• EXERCISE: Could you repeat the listing below exactly while leaving its pictures behind?

• MATERIAL PROVIDED:
↓↓↓
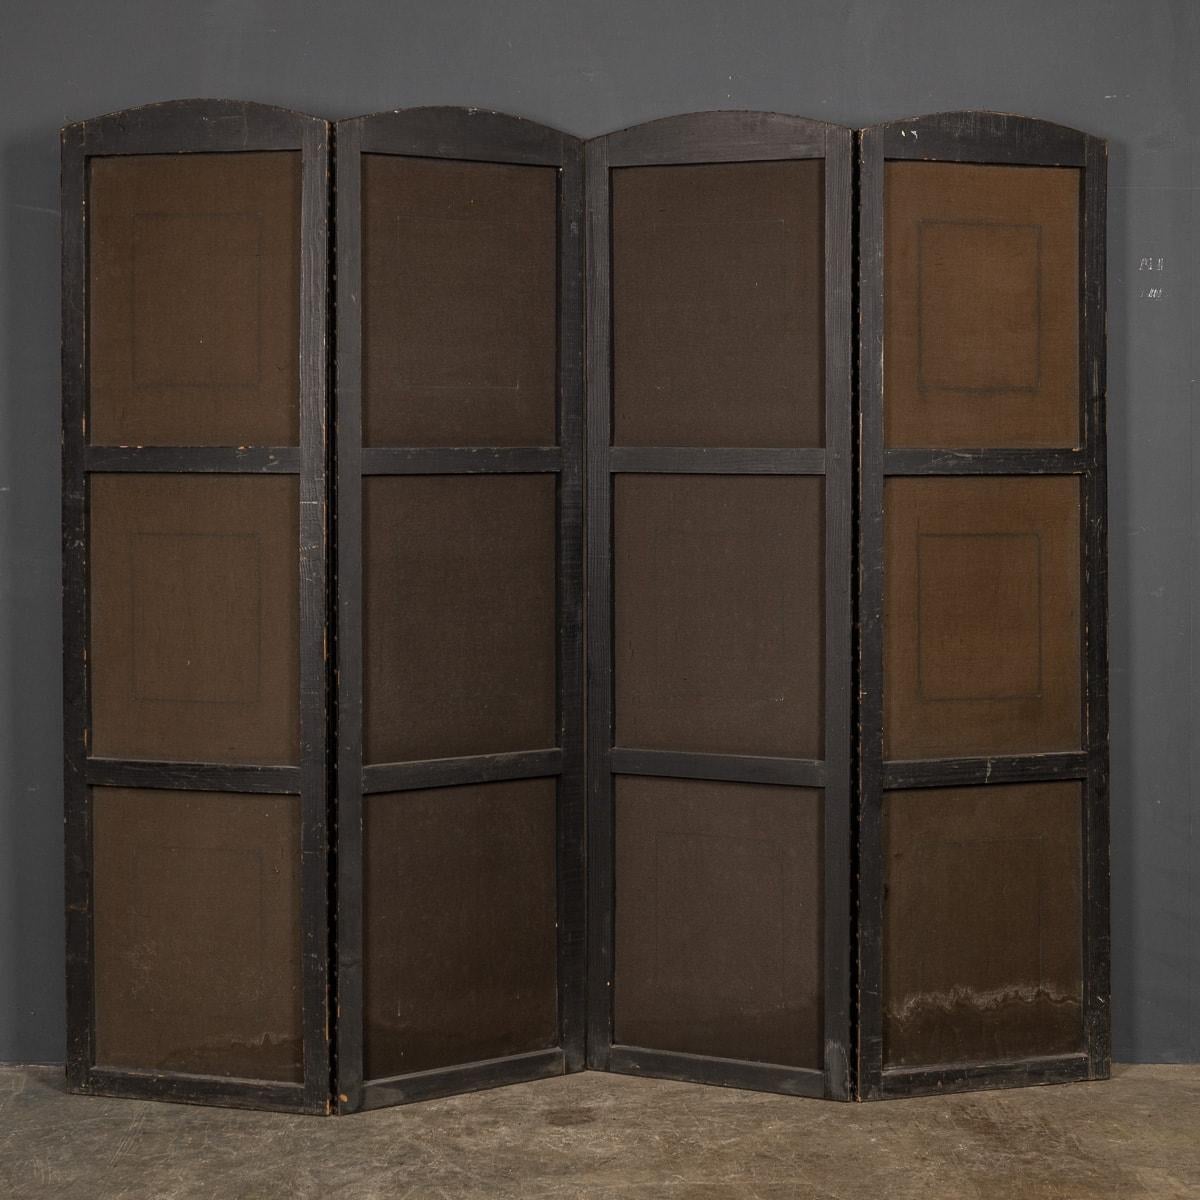 European 20th Century Oil Painted On Leather Room Screen, c.1920 For Sale
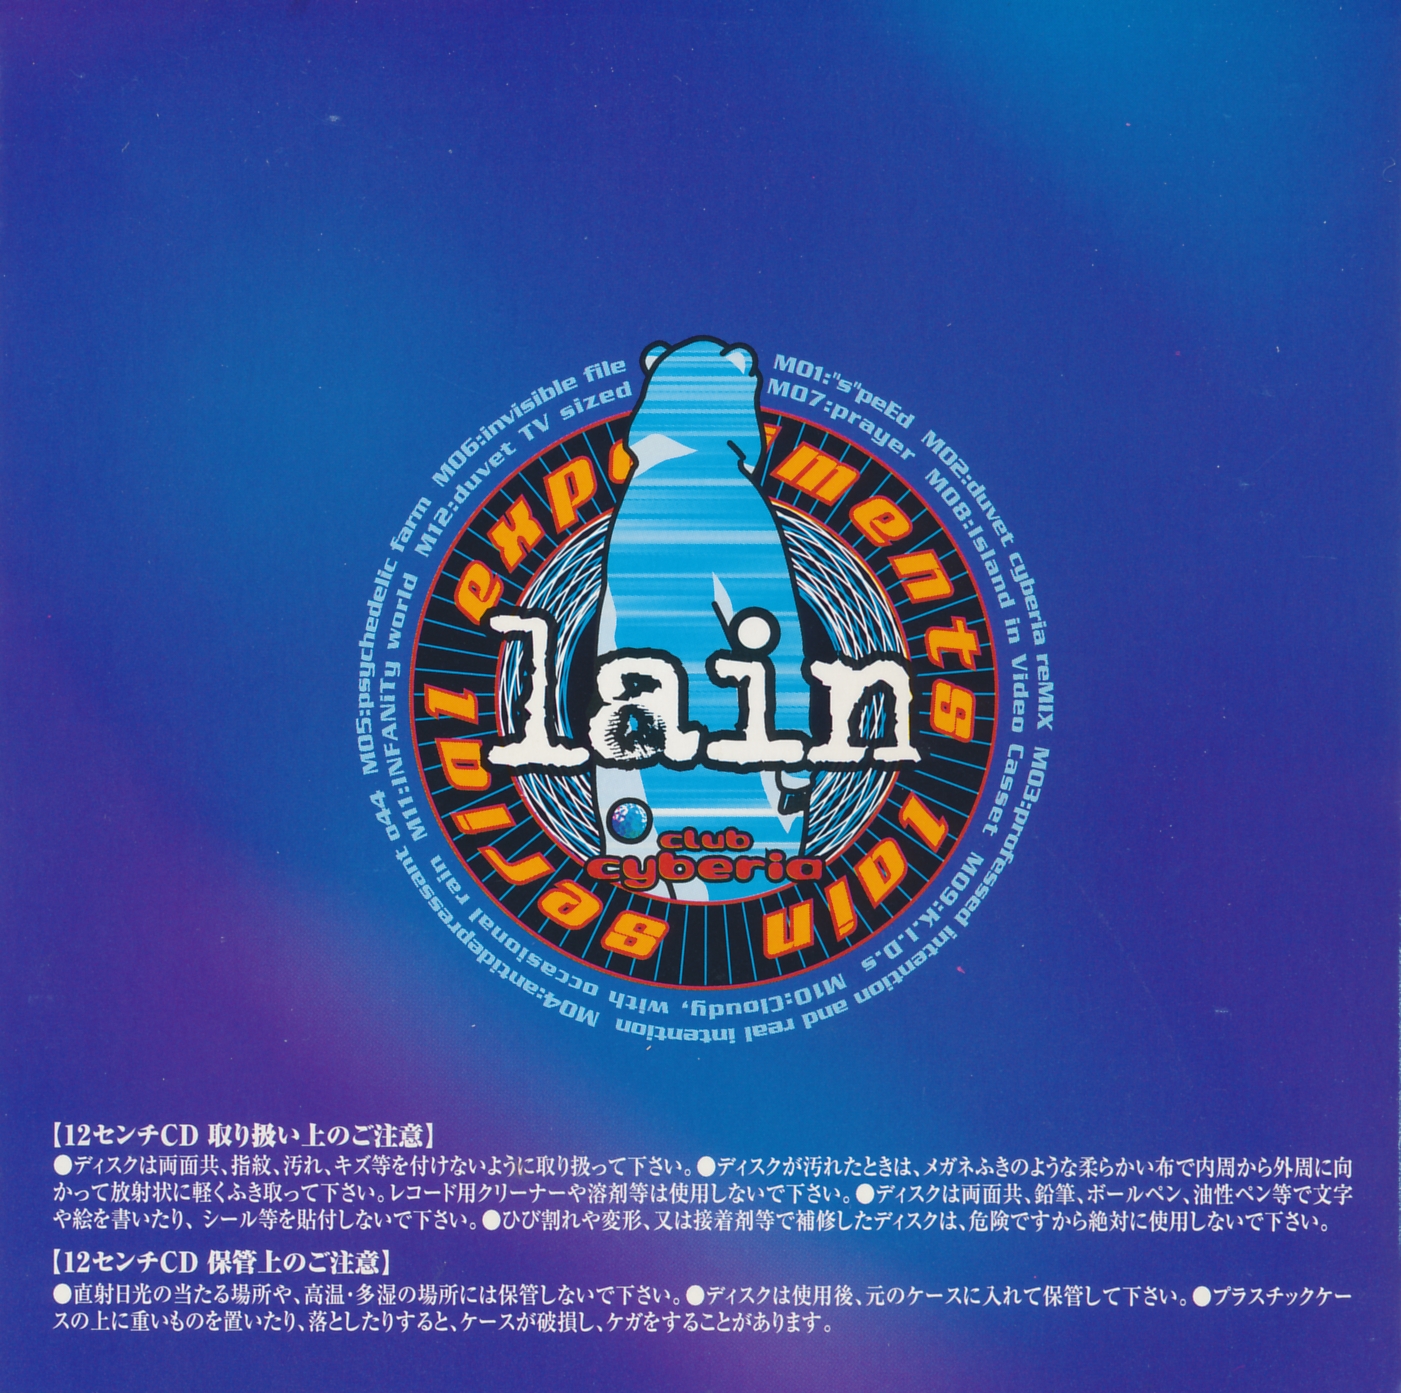 Release “serial experiments lain sound track cyberia mix” by 
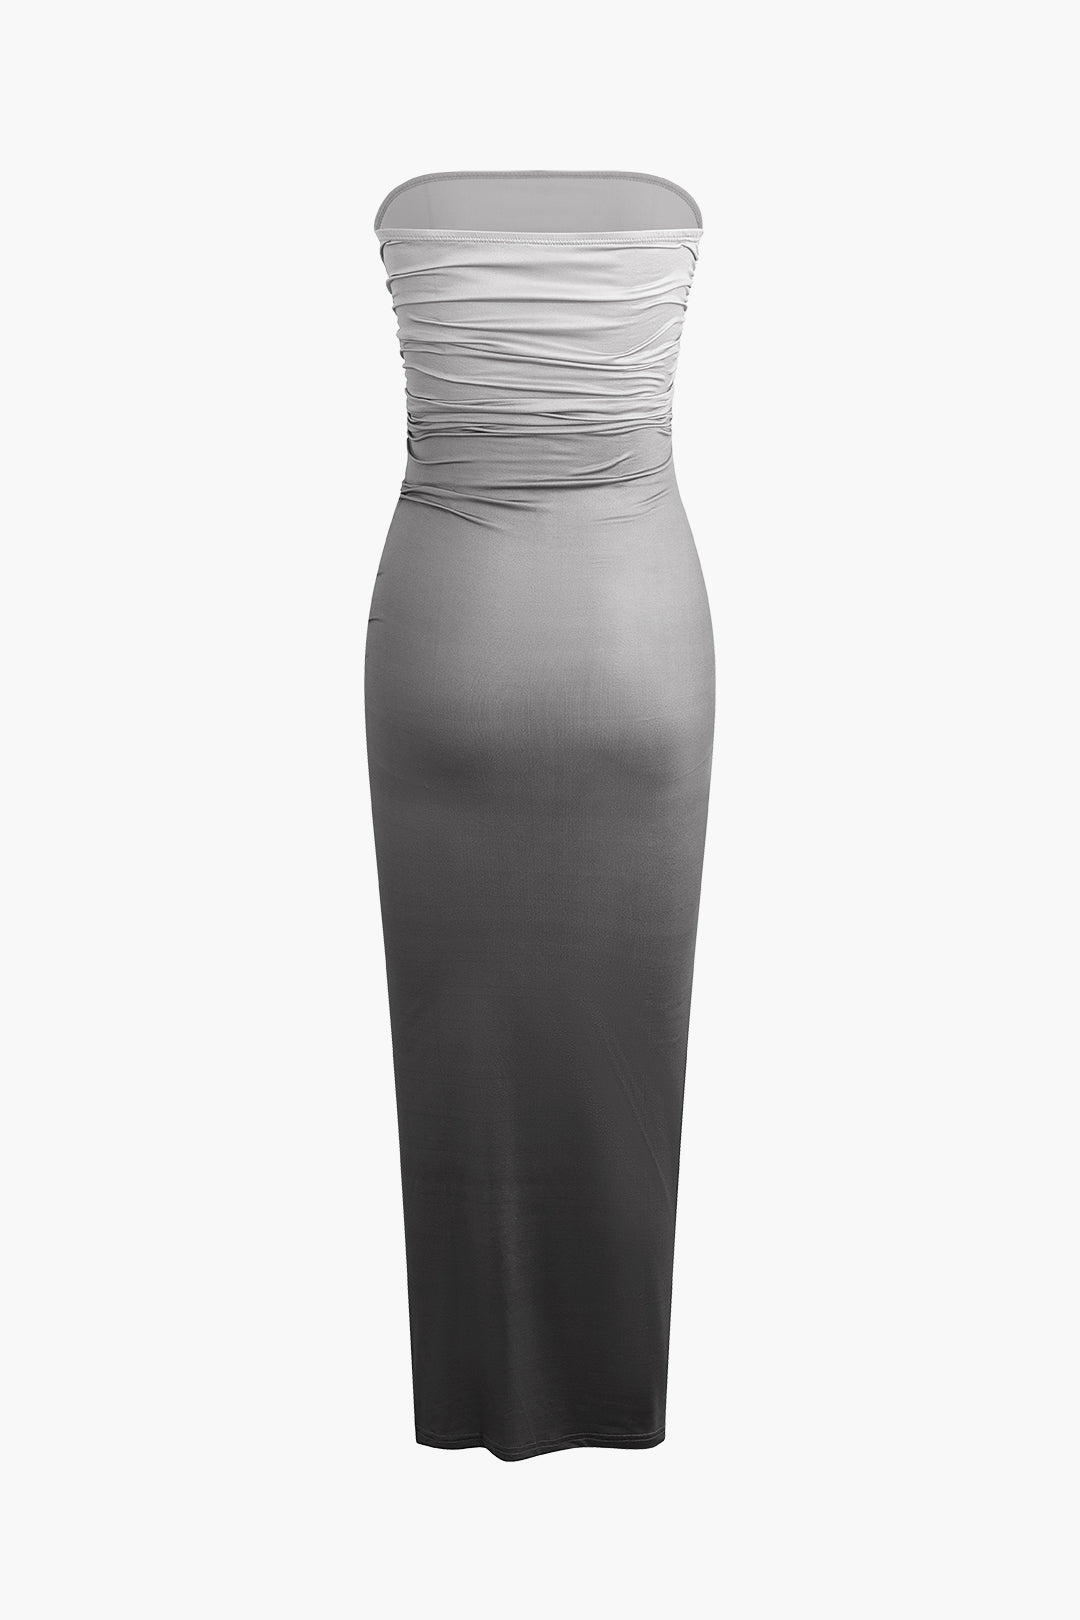 Ombre Ruched Strapless Midi Dress
↑↑↑
• OUTPUT FOR THIS EXERCISE:
 European 20th Century Oil Painted On Leather Room Screen, c.1920 For Sale
 Release “serial experiments lain sound track cyberia mix” by 
 Ombre Ruched Strapless Midi Dress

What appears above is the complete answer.